Opinion by
Mr. Justice Gbeen,We agree with the opinion of the learned court below which contains a full exposition and classification of the decisions applicable to this class of cases, and only add some matters in response to the contention of the appellants. The battery of boilers in question is completely within a structure which is an independent erection, standing on its own stone foundations, and built of brick, in size thirteen and two tenths feet by sixteen and nine tenths feet, and twenty feet high. While the exterior structure is an essential part of the boiler plant itself, *425forming the sides of the fire chambers, inclosing and sustaining the boilers in position, and sustaining also the steam drums at the top, over the boilers, yet it is a substantial and costly structure performing the function of a building as to the boilers, as well as constituting a part of the boiler plant. While its water and steam connections are made with the same pipes with which the water and steam pipes of the old boilers are connected, these connections are independent of the old plant and can be used without them.
It is true there is no building erected around and over the boiler plant to protect it from the weather.
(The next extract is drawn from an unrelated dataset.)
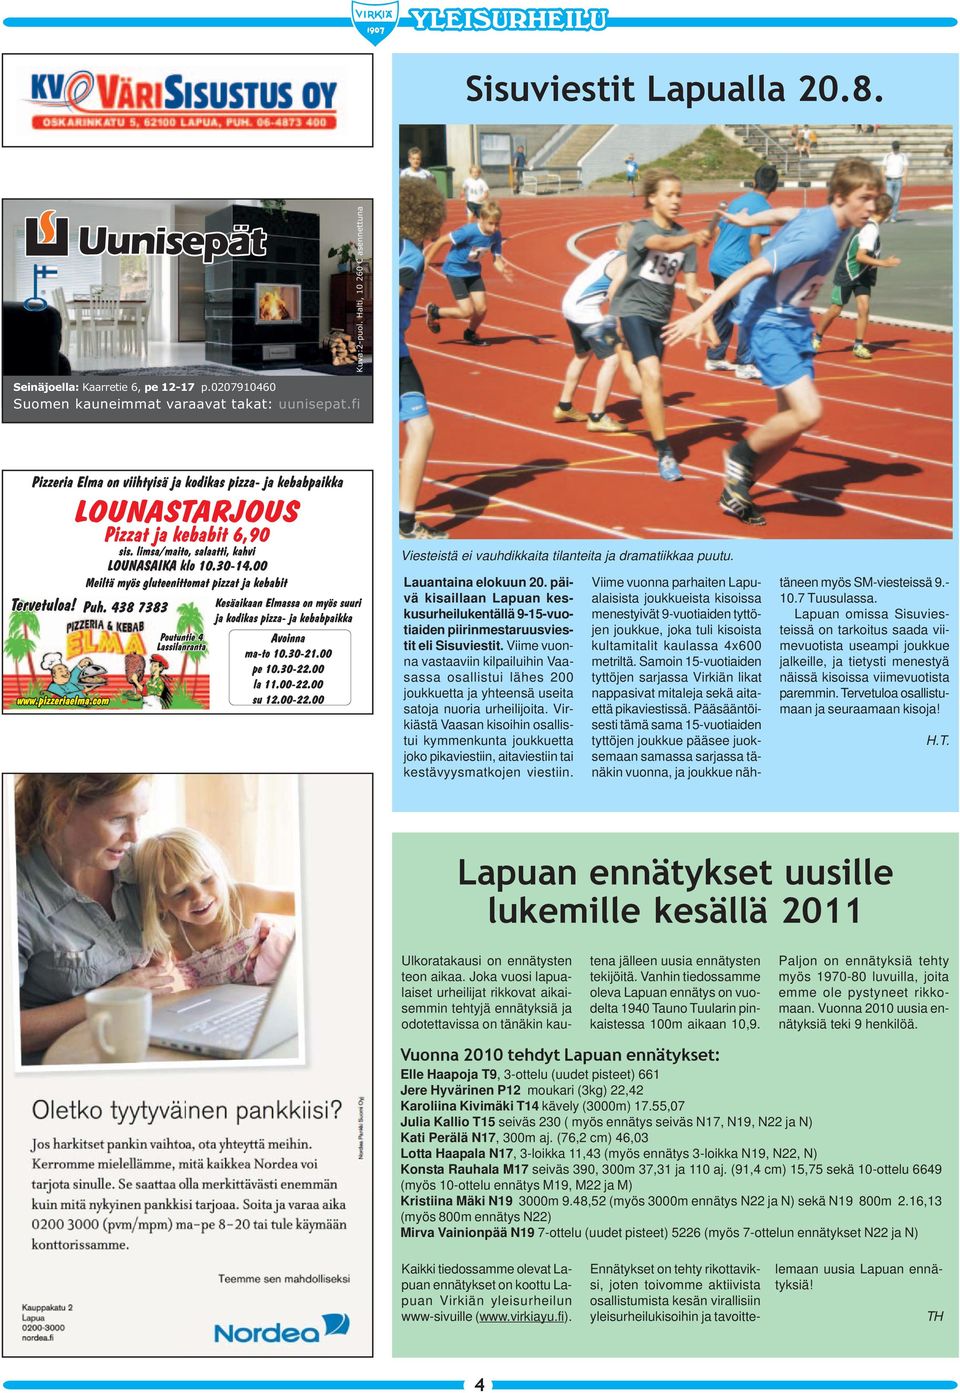 Viime vuonna vastaaviin kilpailuihin Vaasassa osallistui lähes 200 joukkuetta ja yhteensä useita satoja nuoria urheilijoita.

But upon that subject, in Short v. Miller, 120 Pa. 470, we said, Paxson, J., “ The act of assembly does not designate the character of the buildings to which a mechanic’s lien may attach. ... Nor are we embarrassed with the question whether buildings of any description are essential to an oil refinery. An engine and boiler for any kind of a manufactory, do not absolutely require a building to protect them. Both may stand in the open air, yet no one doubts that if an engine and boiler house are erected to protect them from the weather, a lien will attach for labor and materials used in their construction. Nor have we any doubt that the lien attached to the building in this case.”
In Short v. Ames & Keese, 121 Pa. 530, which was a claim of lien upon an oil refinery, Mr. Justice Clark, delivering the opinion, said, “ The act of June 16, 1836, as we said in that case, does not designate the character or kind of a building to which a mechanic’s lien will attach; if the structures are of a substantial and permanent character, and may in any reasonable sense be known as buildings, they may be incumbered by lien.”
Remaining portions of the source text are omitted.